The Colorado Springs Gazette. “A few years after several national builders bolted the Pikes Peak region because of financial woes or the nation’s economic downturn, a handful of homebuilders who are new to the area, or who until now have held a relatively low profile, have grabbed significant shares of the single-family market. ‘Just like anything else, the more people (builders) that are in, the greater competition there is,’ says Saint Aubyn Homes owner and president Jared Saint Aubyn. ‘It forces everybody else to just sharpen up their game. The buyer really, in this market, can pick exactly what they want.’”

“When the downturn hit a few years ago, Challenger Homes President Brian Bahr said a smaller company such as his didn’t have lots of land and debt on its books because of its size, and probably wouldn’t have survived if it did. Now it’s in a position to purchase home sites at a lower cost and offer competitive home prices as a result. ‘A smaller company that’s more stable … can take advantage of the opportunities that present themselves, go in and buy the land that has now dropped in value by 50 percent, put houses on there that are at a compelling value, and thereby pick up market share,’ Bahr said.”

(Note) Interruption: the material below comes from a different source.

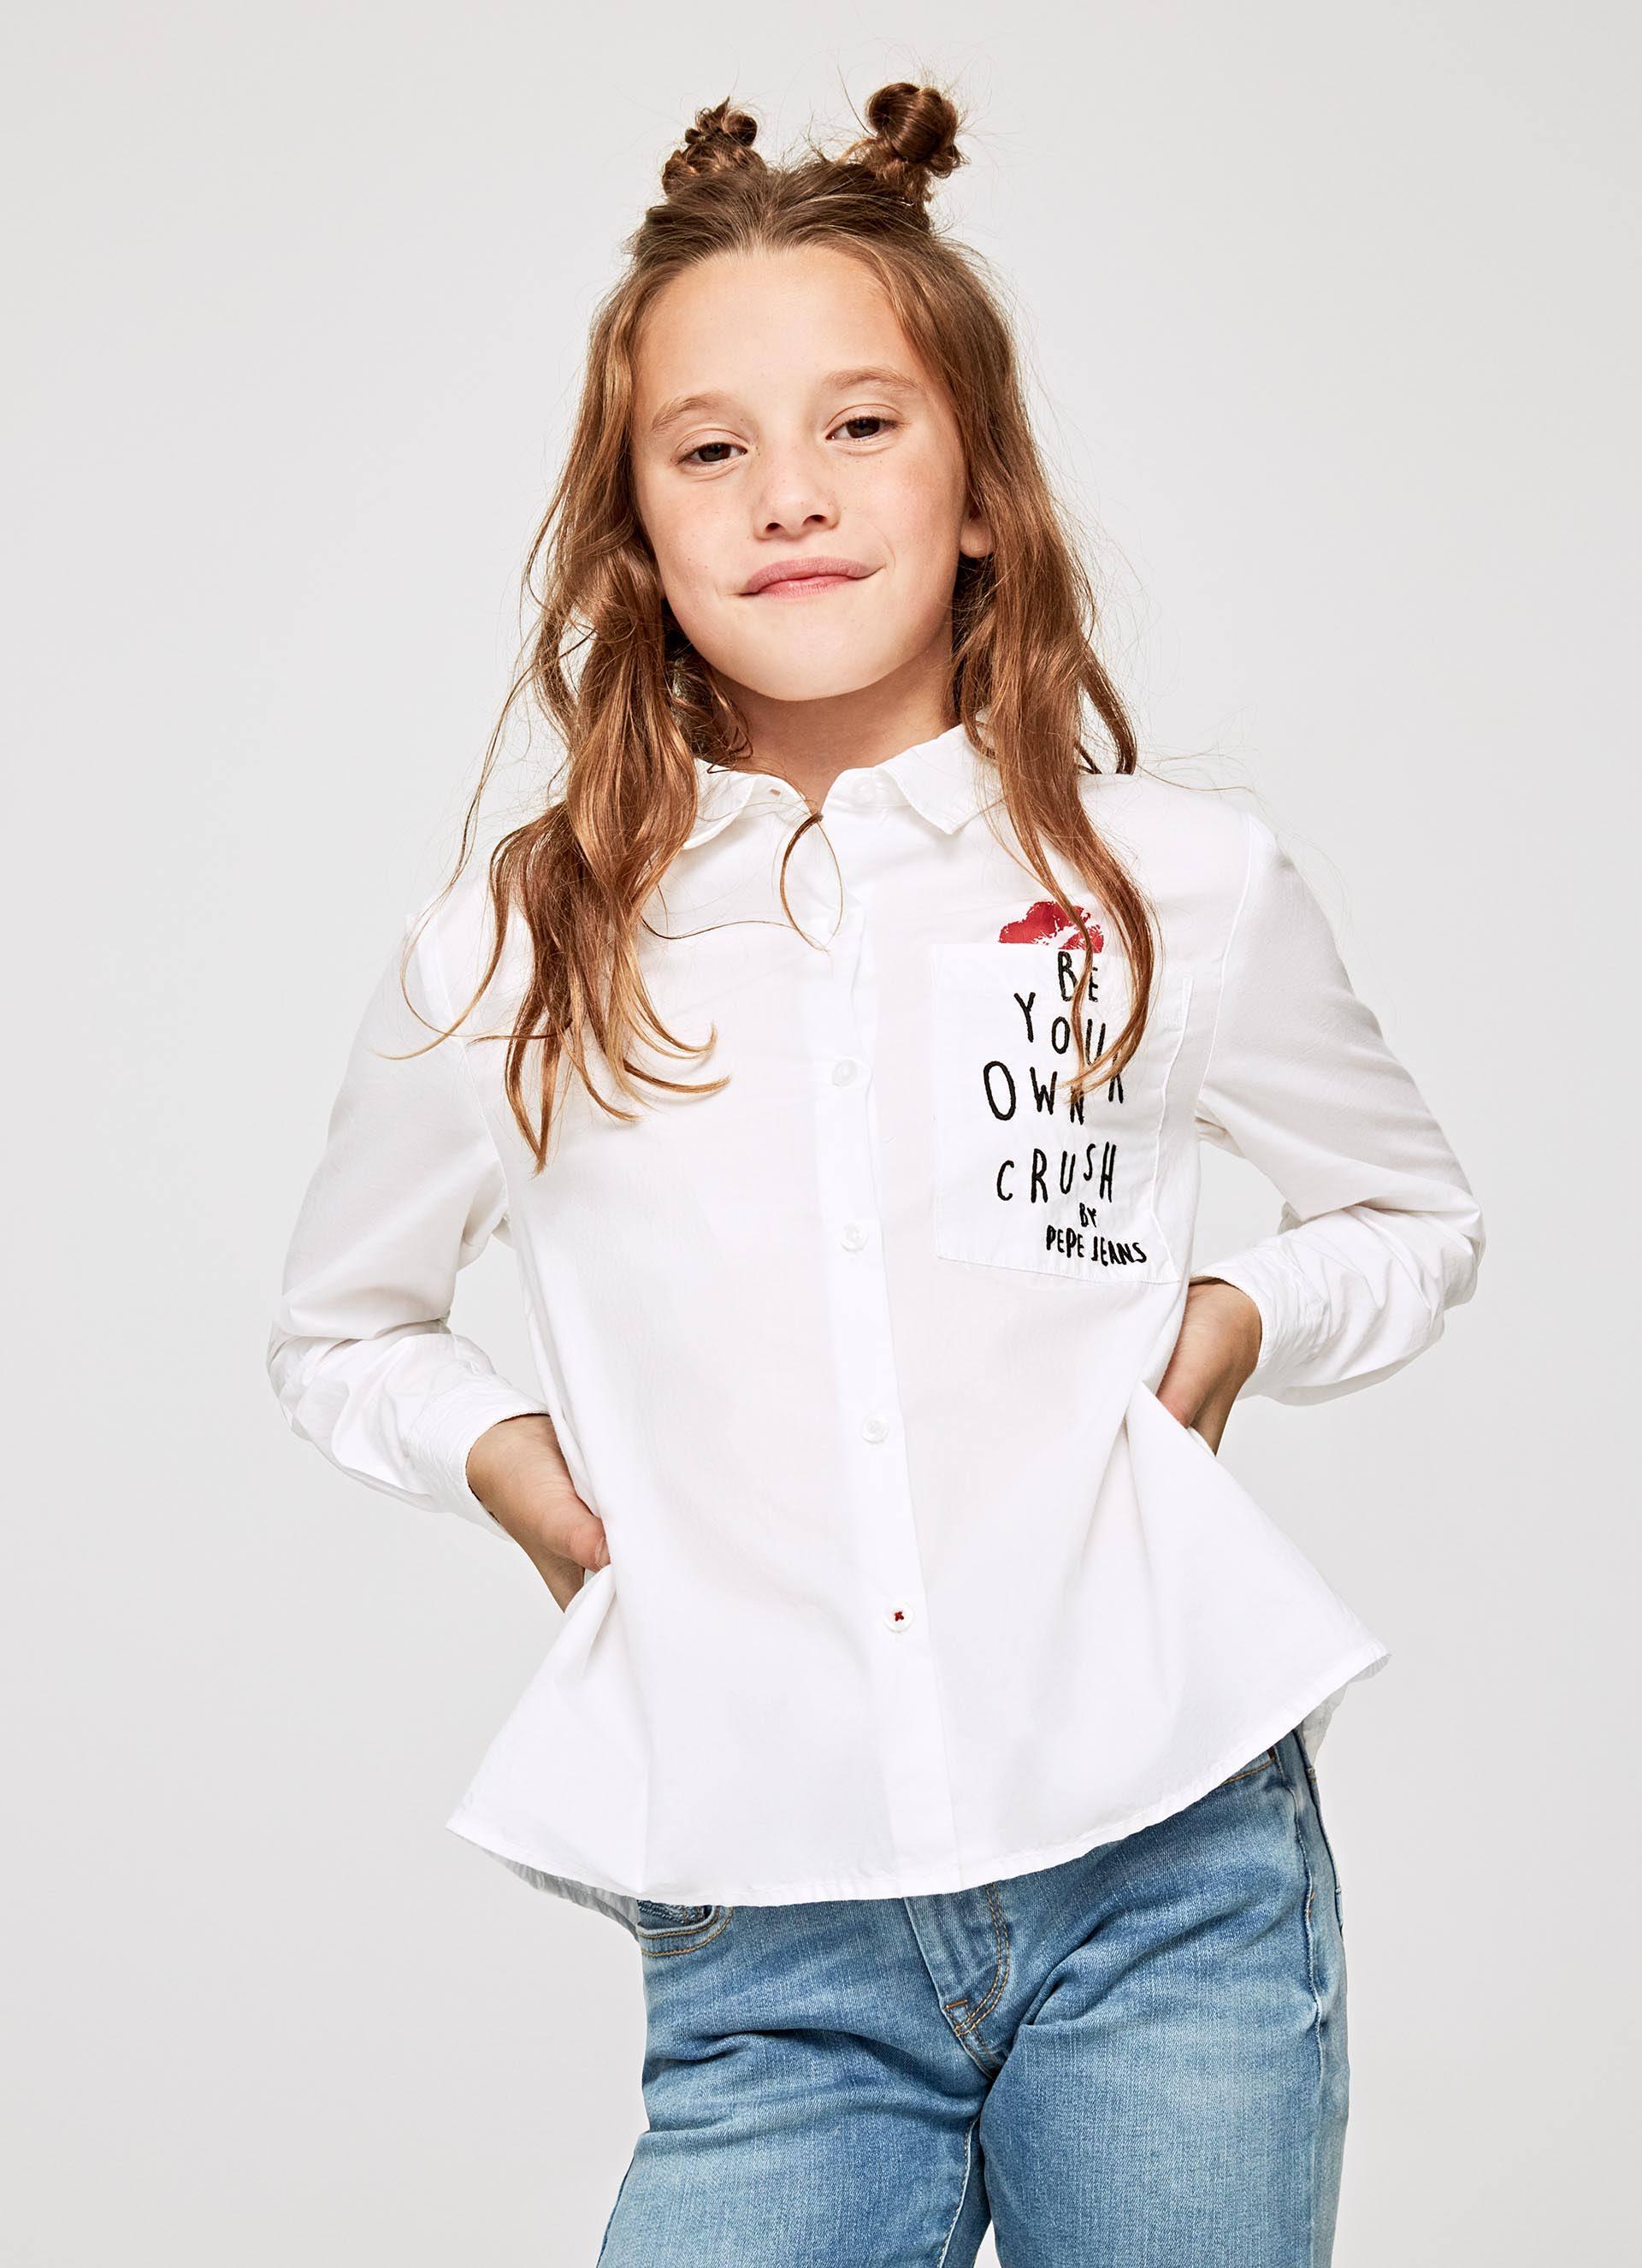 Infantil Claire Jeans Jeans Camisa Pepe Camisa Claire Jeans Infantil Pepe Claire Pepe Camisa qwvA7C7

The Arizona Republic. “Nearly two years after its initial developer went bankrupt, the sparsely populated Stratland Estates neighborhood is finding new life. Earlier this month, Pulte Homes, which purchased 107 lots in Stratland Estates in October, began selling new homes in the long-beleaguered subdivision. Prices start in the low $200,000s.”

“When Stratland Estates LLC went bankrupt in July 2008, it left behind dozens of vacant lots and unoccupied houses. It wasn’t long before tumbleweeds became the primary residents of the nearly-empty neighborhood, and homeowners became frustrated with the lack of resources to clean them up.”

“Pulte’s aggressive strategy in Gilbert mirrors the opportunistic actions of some other homebuilders, which have competed to buy hundreds of vacant lots in neighborhoods hit hard by the real-estate bubble burst. The companies are purchasing bank-owned, ready-to-build lots in subdivisions where the previous developer went bankrupt, as was the case with Stratland.”

“Developers can buy the finished lots for a fraction of what they sold for a few years ago, and the cost-per-square-foot to build a house has plunged, said Robert Stapley, sales and marketing manager for Highland Homes.”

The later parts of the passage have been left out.